The Ripple token (XRP) is a digital asset that is used on the network as a transaction fee. The cost of these transactions is approximately 0.00001 XRP. Once this has been paid, these are destroyed by the network in order to create a cost and prevent any transaction spamming of the ledger.
The genius of XRP is that it also allows for the facilitation of a transaction even if there is no chain of trust between participants.
In the example above with the remittance operator, if the Ripple network cannot establish this chain of trust then XRP tokens can be used in exchange. The payment gateway will provide a price for the transaction in XRP.
Although acting as a currency of last resort is one of the purposes of the XRP token, there are a number of other advantages that make transacting with XRP so much more efficient.
XRP transactions will settle in less than 4 seconds. Hence, when it is sent on the network, the ownership of the asset changes hands almost instantaneously. This is unlike Bitcoin transactions which tend to take a few hours currently. You can see a comparison in the image below of transactions per second.
Moreover, because Ripple is a digital asset with particular verifiable properties, it cannot be “faked” in any degree. This means that there is an inherent trust in the Ripple network. There were also only 100 billion XRP that were ever created. As per the Ripple Protocol, no more XRP can ever be produced or “mined”.
The Tip of The Ice Berg
The potential for Ripple to considerably impact on the nature of the global financial system cannot be understated.
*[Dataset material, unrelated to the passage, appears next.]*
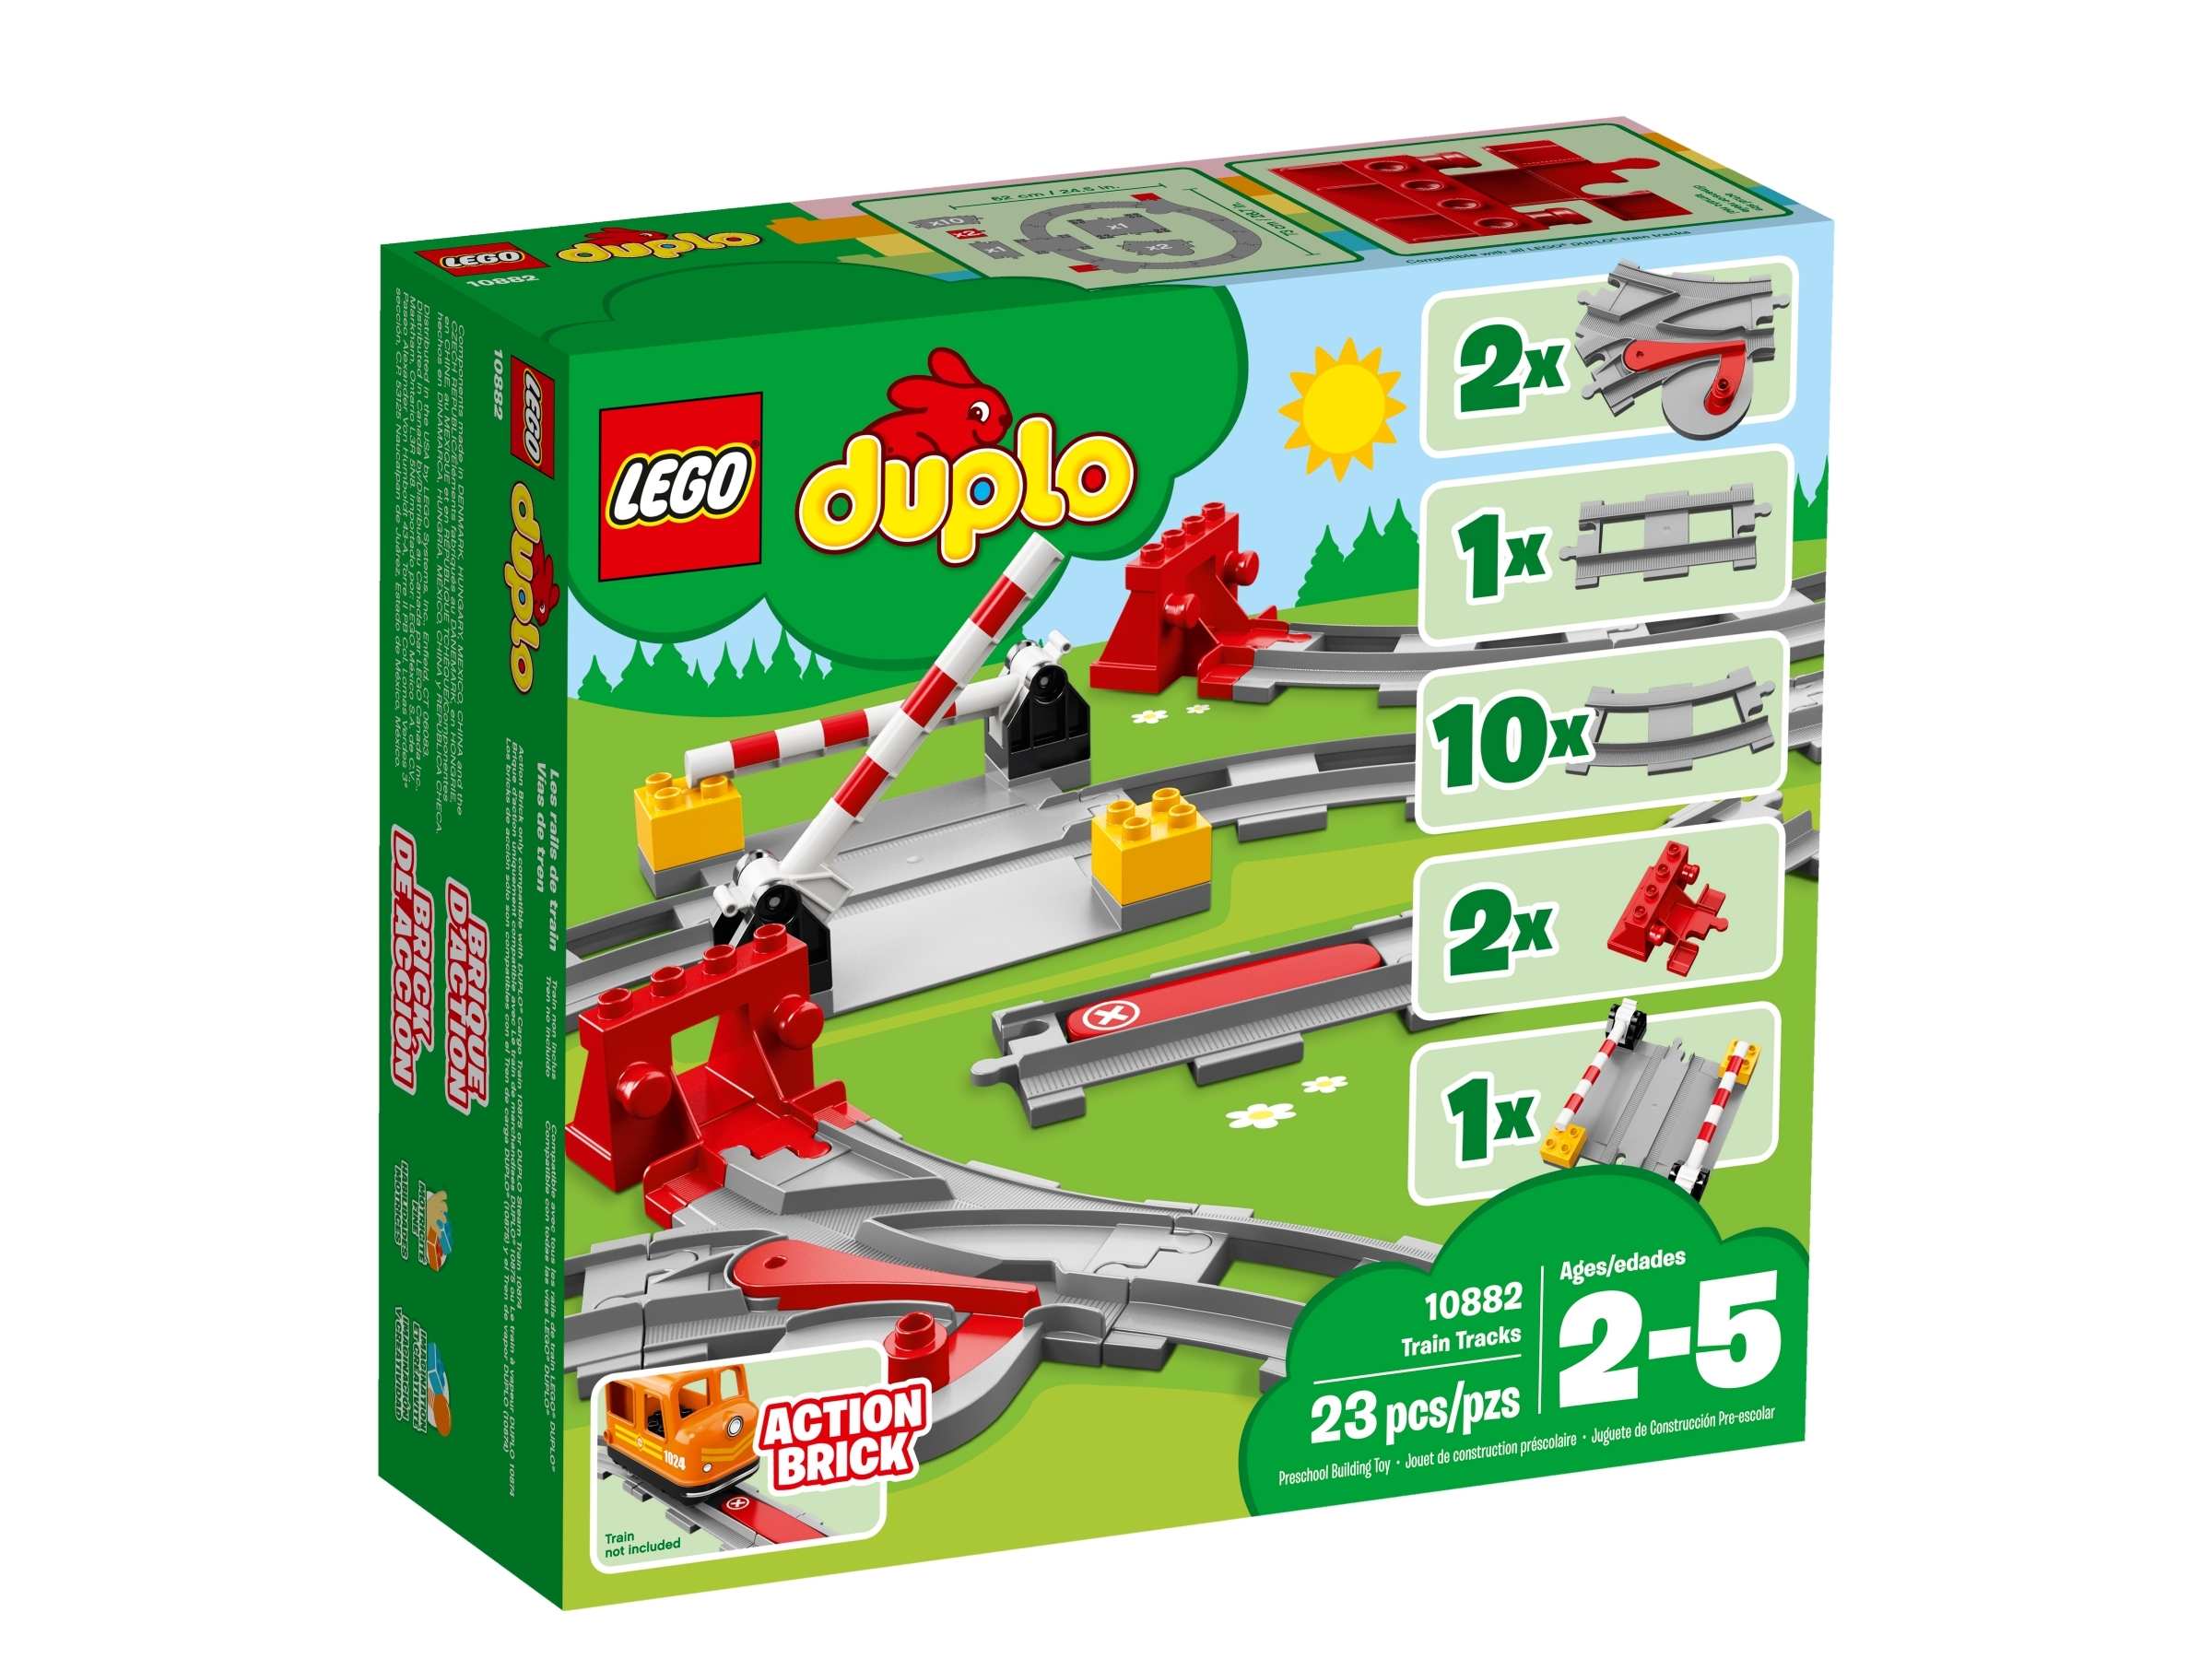 LEGO DUPLO NUMBER 6 Train Replacement 2 x 2 x 2 BLOCK Building Brick

For example, one concept that Ripple is trying to disrupt is that of “Nostro Banks”. These are essentially bank accounts that are held by other banks in a foreign currency. They are kept there in order to facilitate foreign exchange payments.
Ripple views this as a wasted resource that they want to free up. They aim to be a global marketplace for these accounts so that the banks and foreign exchange participants can offer up this “float” for use by others.
It will also allow the money to be sent from a local provider which means that international businesses will not have to deal with costly and slow SWIFT payments.
Ripple also aims to shake up the largest market in the world, that of the foreign exchange market. With over $5 trillion dollars being transacted every day, this is indeed a worthwhile target.
They are aiming to achieve this with the creation of the XRP payment channel. This was announced recently by the company as they released a number of new features that improve their Ledger and XRP Interledger Protocol.
This will allow transaction throughput to increase to tens of thousands of transactions per second which brings eventual scalability to the level of Visa. This will allow people to send money across borders as quickly as they are able to swipe a credit card.
Ripple has also started to make a number of important relationships with companies such as banks and money remittance companies. These players are increasingly aware of tremendous potential in the blockchain.
What makes Ripple so different from other crypto currencies such as Bitcoin is that it does not aim to create a completely decentralised world where banks and financial institutions are not needed.
The developers behind Ripple understand that financial institutions and governments will always be a part of our life. However, they want to work with global institutions to make business as smooth, effortless and quick as possible.